|Dr. Caroline E. Bass of the University at Buffalo is using light to influence brain cells.
“And then there was light.” And maybe an end to alcoholism?
NIH-supported scientists have demonstrated that stimulating specific brain cells of small animals with high-intensity light alters nerve cell activity and puts the brakes on alcohol consumption. If applicable to humans, this could point the way to strategies for treating alcohol abuse. The technique may also lead the way to new treatment approaches for other brain-associated disorders such as Parkinson’s disease, schizophrenia and various types of drug addiction, the scientists speculate.

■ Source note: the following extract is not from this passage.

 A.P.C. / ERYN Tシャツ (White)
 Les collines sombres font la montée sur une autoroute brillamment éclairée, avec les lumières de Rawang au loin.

Alcoholism and alcohol-associated disorders pose major health risks. Globally, alcohol use is the fifth leading risk factor for premature death and disability. Further, according to the National Institute on Alcoholism and Alcohol Abuse, drinking too much—on a single occasion or over time—can lead to accidents and dependence, damage organs, weaken the immune system and contribute to cancers. Also, imbibing excessively can worsen existing health problems, adds NIAAA, which reports that an estimated 17 million Americans have an alcohol use disorder (AUD)—a medical term that includes both alcoholism and harmful drinking that does not reach the level of dependence.
Binge drinking—consuming 5 or more drinks within 2 hours for men and 4 or more drinks during the same time for women—is extremely risky. While popular among adolescents and young adults, bingeing is common in all age groups. According to the Centers for Disease Control and Prevention, binge drinking is the most common pattern of alcohol abuse in the United States and likely the most perilous.
Numerous medications for treating alcohol dependence have become available in recent years and ongoing research continues to develop and explore new medications and other treatment approaches to expand treatment options for people with alcohol problems.
The current study is one new approach under investigation to advance our understanding of what happens in the brain in individuals with AUDs and to help develop potential treatments. With funding from two NIH sources—NIAAA and the National Institute on Drug Abuse, Dr. Caroline E. Bass, assistant professor of pharmacology and toxicology at the University at Buffalo, Evgeny Budygin from Wake Forest University and their colleagues investigated the effect of optogenetics—a technique that uses light to alter the activity of specific brain cells—on alcohol intake in rats that had been trained to consume alcohol in a way that parallels binge-drinking in humans.
“Specifically, what we did was to create a virus that delivers a light-sensitive gene which stimulates certain dopamine [a key brain chemical] neurons in a precise pattern at low, but prolonged levels,” Bass explained. “This resulted in the complete cessation of drinking behaviors in the rodent, which persisted even after the brain stimulation ceased.”
The beauty of optogenetics, Bass noted, is that it enables the scientist to stimulate one type of nerve cell at a time, unlike electrical brain stimulation, “which does not discriminate and thus affects all brain cells. The brain has many types of neurons and so optogenetics can be used to figure out which kind is contributing to a behavior or is malfunctioning in a disease.”
Development of such approaches is in sync with the Obama BRAIN Initiative, Bass added. She said optogenetics also lends itself to studying other disorders.
Meanwhile, a key question remains—why did the animals stop drinking? Bass said her team doesn’t fully understand the mechanism involved, though they think one likely scenario may be that dopamine spikes that normally occur with drinking cues (which initiates drinking) may be drowned out by the light treatment. “The dopamine release induced by the cues would be like throwing sand on a beach and, in this case, without the cues, the rats won’t start drinking.”
The investigators are cautiously optimistic that their animal research and optogenetics in general could point the way toward treatment options not only for alcoholism, but also for other brain-mediated conditions. Bass concludes that the ability to expose important brain pathways as targets for a drug, behavioral or biological treatment will probably yield the greatest clinical impact, though only after obstacles for treating humans (e.g., getting light into the human brain and targeting specific neurons) can be overcome.
The research was reported in a recent issue of Frontiers in Behavioral Neuroscience. Co-authors include Dr. Jeffrey Weiner, director of the NIAAA-funded Translational Centers for the Neurobehavioral Study of Alcohol.